If you’re nervous about deleting files, you can always use the --no-cleanup flag and no files will be deleted or overwritten. If you’re confident in your CI/CD system, however, leaving the cleanup variable set to True will keep your production folder tidy, with only the most current version of each major release of each library.

This command will print out a message letting you know (1) the name of the egg or jar that was uploaded, (2) the list of jobs currently using the same major version of this library, (3) the list of jobs updated - this should match number 2, and (4) any old versions removed - if you haven’t used the --no-cleanup flag.

In the same way as upload, if you try to upload a library to Databricks that already exists there with the same version, a warning will be printed instructing the user to update the version if a change has been made. Without a version change the new library will not be uploaded.

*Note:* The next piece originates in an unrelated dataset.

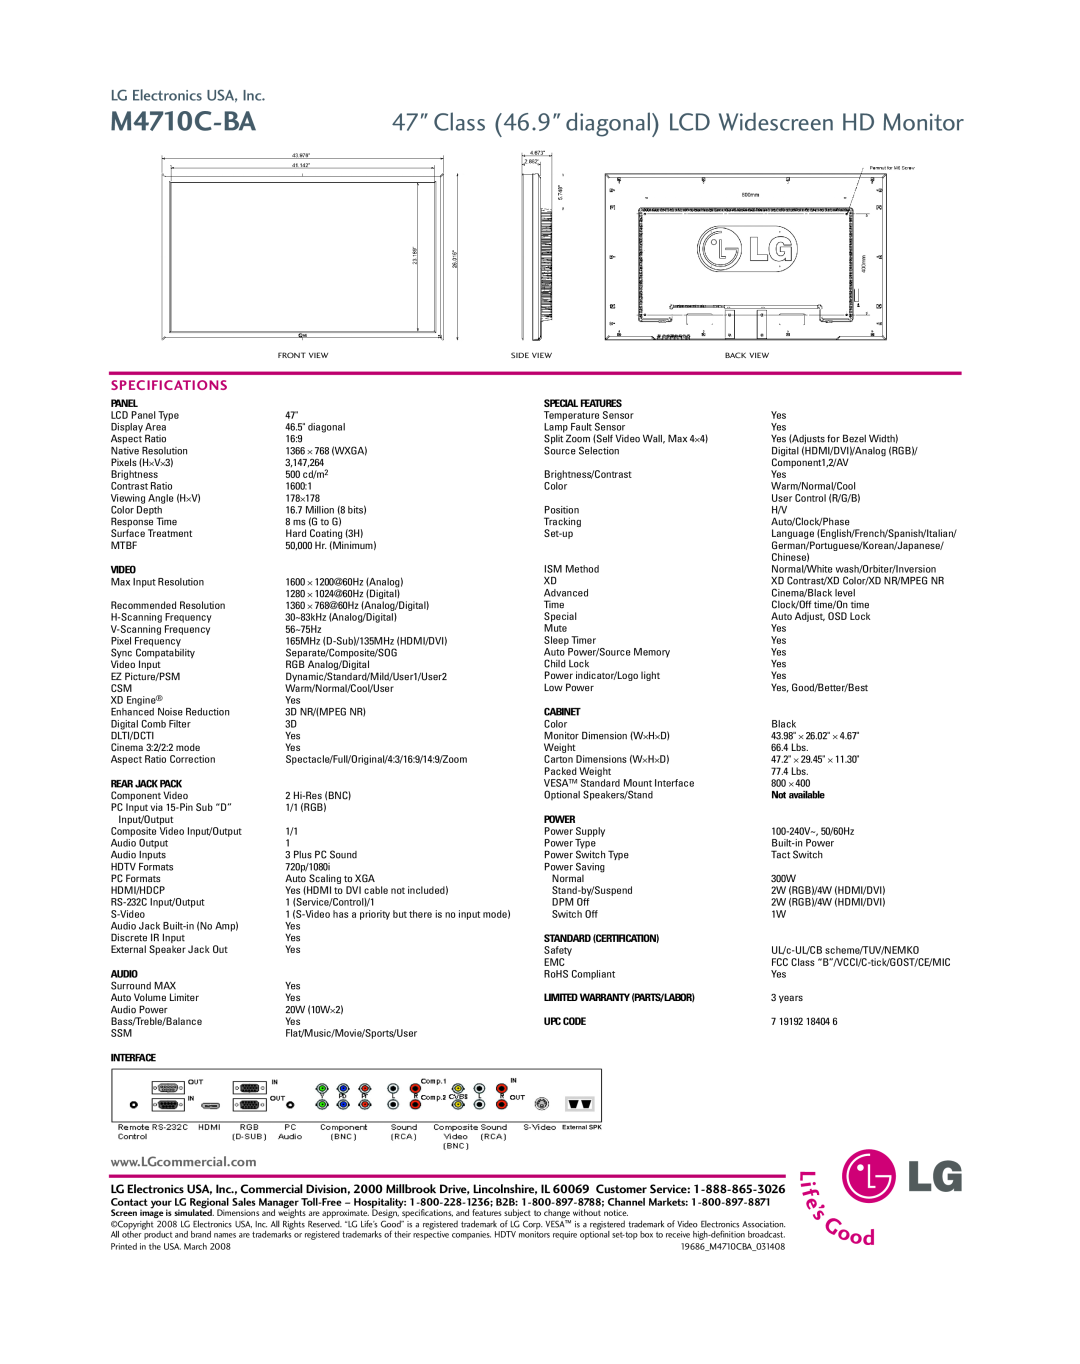 LG Electronics M4710C-BA warranty Class 46.9 diagonal LCD Widescreen HD Monitor, LG Electronics USA, Inc, Specifications

$ stork upload-and-update --help
Usage: stork upload-and-update [OPTIONS]

  The egg that the provided path points to will be uploaded to Databricks.
  All jobs which use the same major version of the library will be updated
  to use the new version, and all version of this library in the production
  folder with the same major version and a lower minor version will  be
  deleted.

  Unlike `upload`, `upload_and_update` does not ask for a folder because it
  relies on the production folder specified in the config. This is to
  protect against accidentally updating jobs to versions of a library still
  in testing/development.

  All egg names already in Databricks must be properly formatted  with
  versions of the form <name>-0.0.0.

Options:
  -p, --path TEXT           path to egg file with name as output from
                            setuptools (e.g. dist/new_library-1.0.0-py3.6.egg)
                            [required]

  -t, --token TEXT          Databricks API key with admin permissions on all
                            jobs using library - optional, read from
                            `.storkcfg` if not provided

  --cleanup / --no-cleanup  if cleanup, remove outdated files from production
                            folder; if no-cleanup, remove nothing  [default:
                            True]

  -v, --verbosity LVL       Either CRITICAL, ERROR, WARNING, INFO or DEBUG
  --help                    Show this message and exit.

For more info about usage, check out the Tutorials.

Create cluster

create-cluster can be used anytime by anyone and promises not to break anything. It simply creates a new cluster and will create a second cluster if a cluster with the same name alreay exists. Note: this command calls APIs on a Databricks account that runs AWS (not Azure); there is not guarantee it will work with an Azure Databricks account.

If you’ve set up your .storkcfg file using the configure command, you only need to provide a job_id and optionally a cluster_name, but can also override the default api token if desired.

This command will print out a message letting you know the name of the cluster that was created.

$ stork create-cluster --help
Usage: stork create-cluster [OPTIONS]

  Create a cluster based on a job id

Options:
  -j, --job_id TEXT        job id of job you want to debug  [required]
  -c, --cluster_name TEXT  Cluster Name- optional, use default value if not
                           provided

  -t, --token TEXT         Databricks API key - optional, read from
                           `.storkcfg` if not provided

  -v, --verbosity LVL      Either CRITICAL, ERROR, WARNING, INFO or DEBUG
  --help                   Show this message and exit.